01Context
A clinical product needed a queryable source-of-truth for pharmaceutical reference data: drug interactions, dosing rules, REMS programs, allergies, prescriptions, and the workflows downstream of all of it.
The source data was delivered as roughly 300 MB across 309 interrelated CSV files — no schema document, no ER diagram, no formal description of what the data meant or how it related. Just files. The platform needed to ingest them reliably, expose them via REST APIs, and support full-text search across them.
02Challenge
The first problem wasn't writing code — it was understanding the data. 309 CSVs with no formal schema. Some column names hinted at their meaning; many didn't. Some foreign-key relationships were explicit (a column literally named drug_id); others had to be inferred from value distributions and overlaps across files.
Once the schema was understood, the second problem was ordering. drug_interactions.csv references rows in drugs.csv, which references ingredients.csv, which references units.csv. Import in the wrong order and you either crash on missing foreign keys or silently create orphaned rows.
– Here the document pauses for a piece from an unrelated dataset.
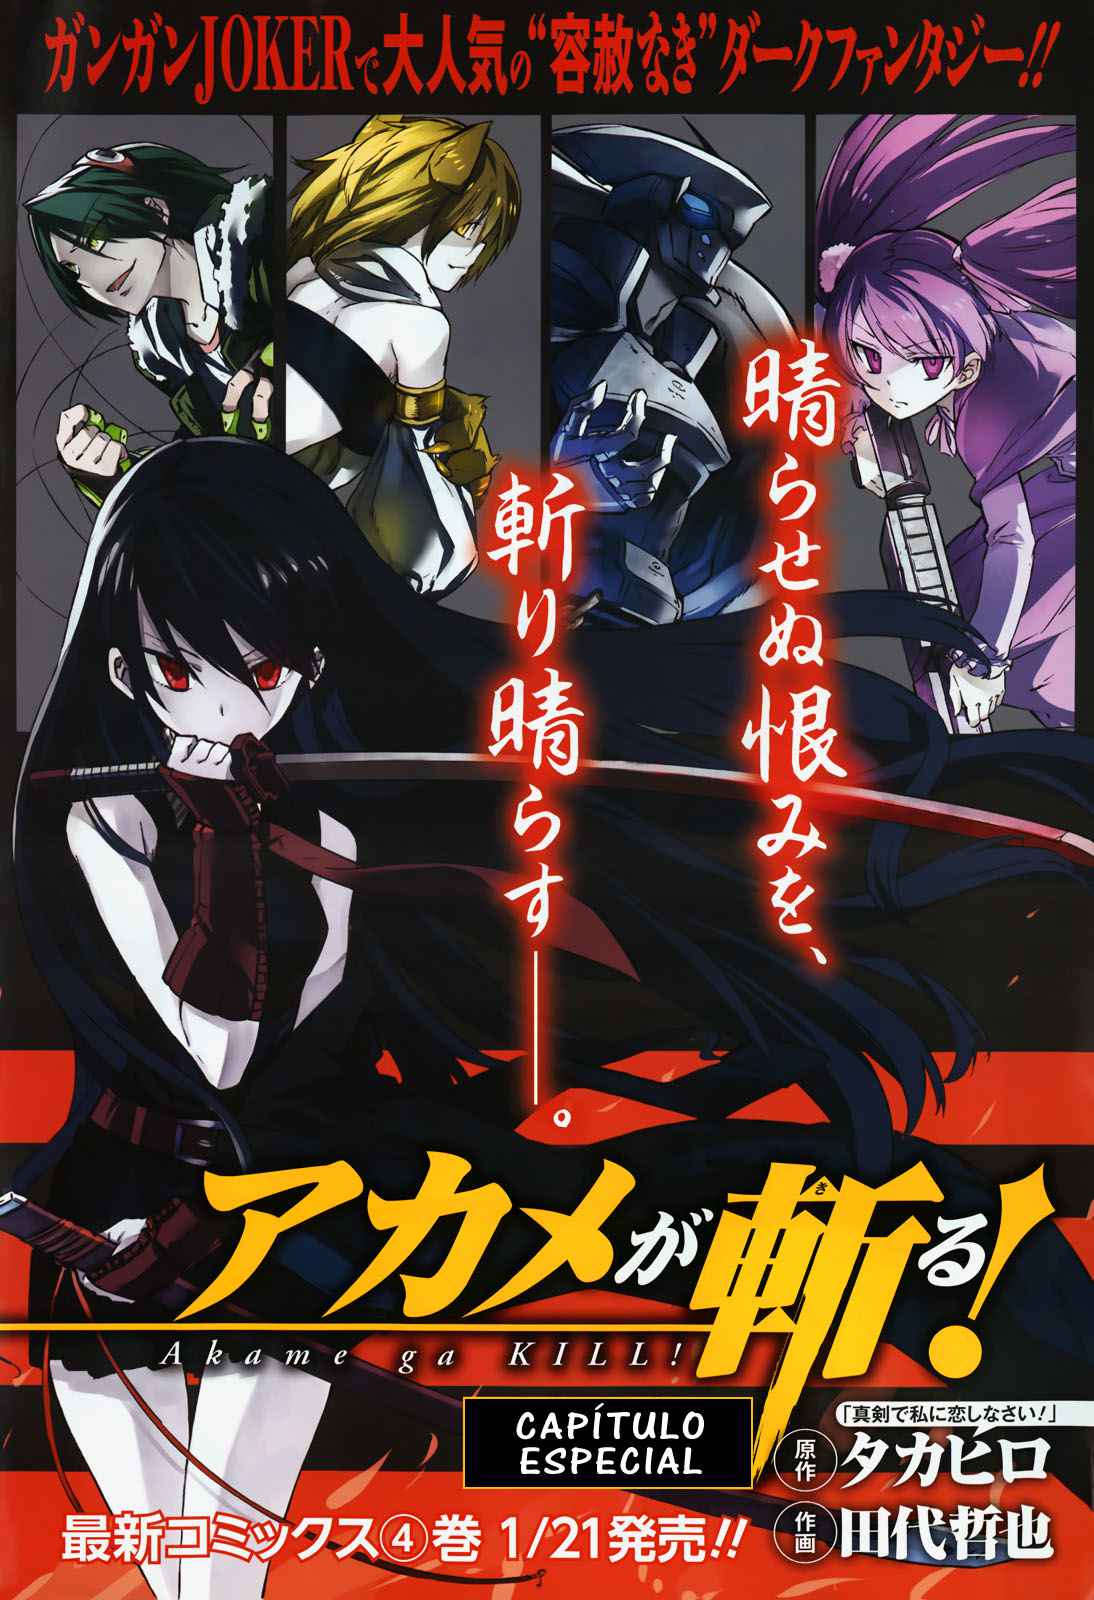 Último capítulo de Akame ga Kill tem data de lançamento revelada

A handful of dependencies were cyclic.
And the dataset refreshes periodically. The whole pipeline had to be re-runnable — running on already-imported data should update, not duplicate.
03Approach
The work split into three phases.
Phase 1 — Discovery and schema design
I profiled every CSV: column names, data types inferred from value samples, distinct value counts, null patterns, and candidate foreign keys (detected by looking for high-overlap value sets between columns of different files). From that analysis I designed a normalized relational schema — 714 models, 1,229 FK and M2M relationships, organized into 13 bounded sub-domains. This phase produced no shipping code; it produced the foundation everything else stood on.
Phase 2 — The importer
I built a dependency-graph ETL on top of the schema:
- Parse each CSV's FK columns. Construct a directed graph of table dependencies. Topologically sort it to produce a safe import order.
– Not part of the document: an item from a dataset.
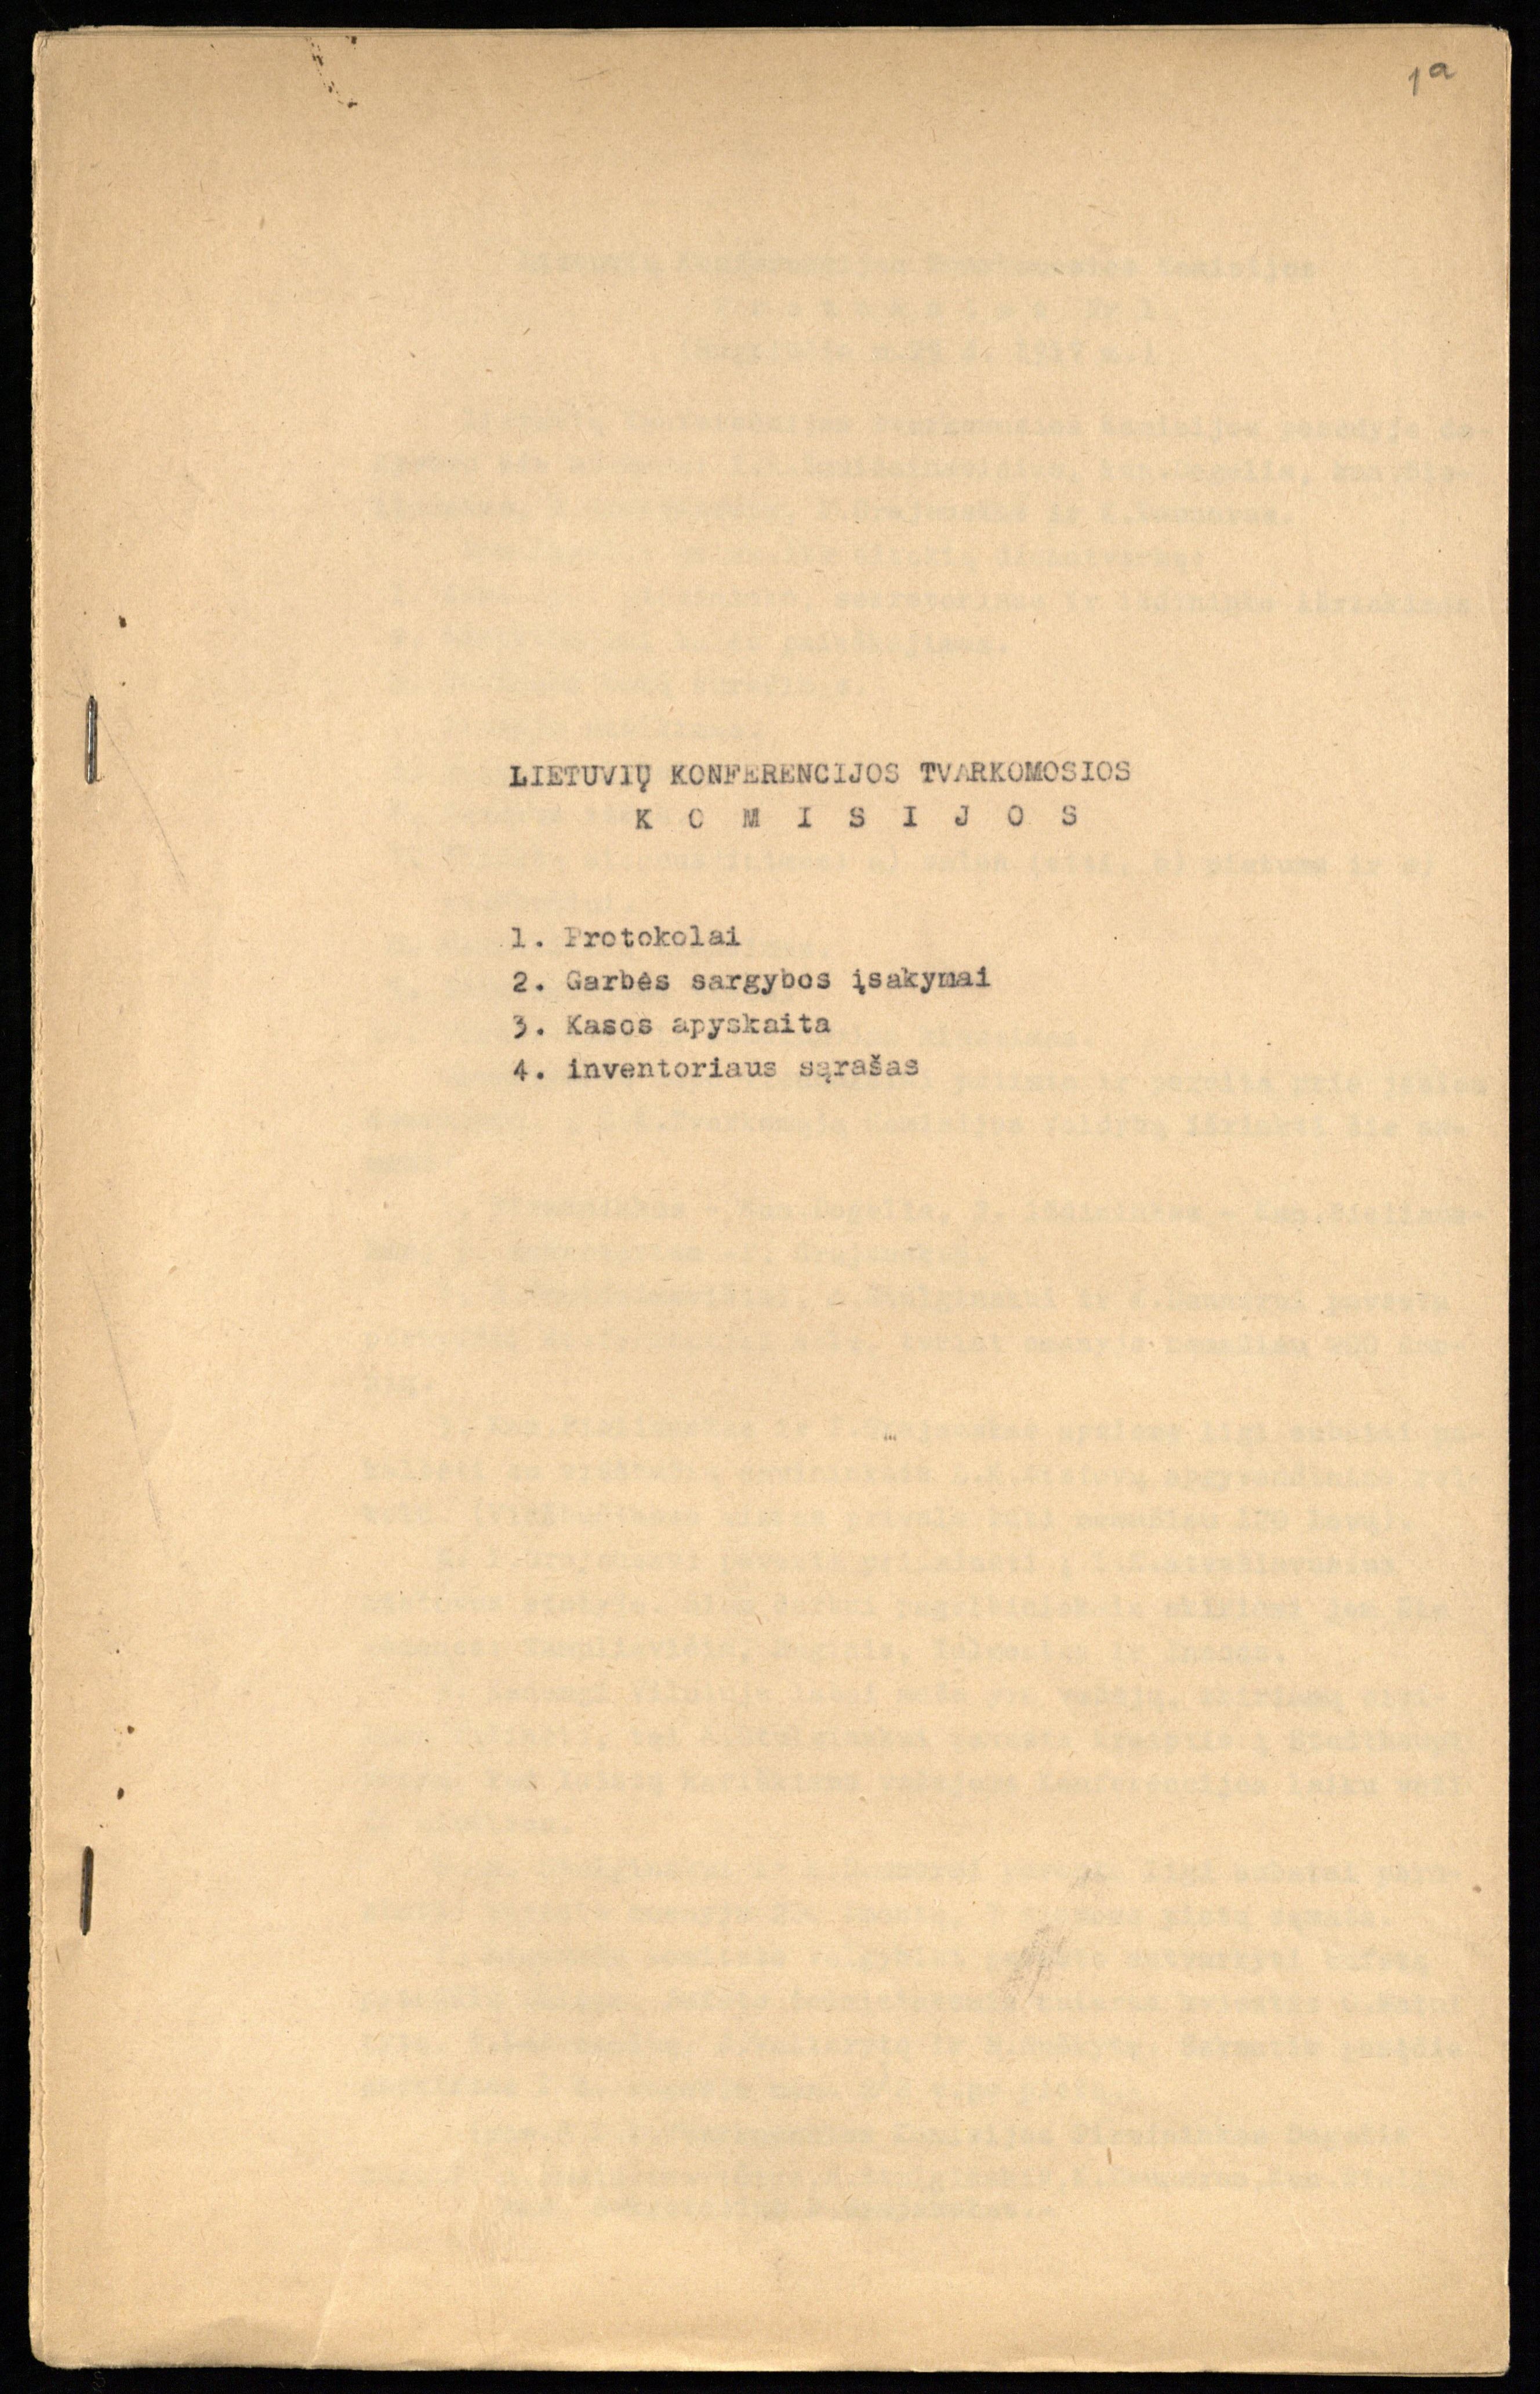 Lietuvių konferencijos Tvarkomosios komisijos protokolai, garbės sargybos įsakymai, kasos apyskaita. 1917 m. rugpjūčio 29 – spalio 18 d.

- Detect cyclic dependencies at graph-build time. Resolve them by splitting the import into two passes — first pass inserts rows with the cyclic FK nullable; second pass fills in the cyclic FK after both sides exist.
- Make every insertion idempotent with
get_or_createandupdate_or_create— re-runs update rather than duplicate. - Multi-tier migration conflict recovery: partial-state rollback, clean re-migration, resume from the last successful checkpoint.
Phase 3 — The API surface
On top of the importer, I layered versioned REST APIs (v1 and v1_with_marketed_changes), JWT auth, object-level permissions (django-guardian), rate limiting, field-level encryption, and OpenAPI 3.0 docs auto-generated by drf-spectacular. 730+ endpoints across 13 sub-domains, all following the same ViewSet patterns so consumers didn't have to learn endpoint-specific conventions.
For performance: a Redis caching layer with Celery-beat-driven background cache warming, plus Elasticsearch for full-text search across the corpus.
The trick that paid for itself
The importer doubles as the test fixture loader. Seeding 700+ models manually for tests would have been impossible — the same dependency-graph that imports prod data builds the test database in seconds.
04Outcome
The platform serves 714 models across 13 sub-domains, with 1,229 foreign-key and many-to-many relationships, and 730+ REST endpoints. The entire dataset can be refreshed reproducibly with a single command.
05What I'd do differently
The dependency-graph importer is the kind of generic pattern I'd extract into a reusable package if I built another data platform. It's not pharmaceutical-specific.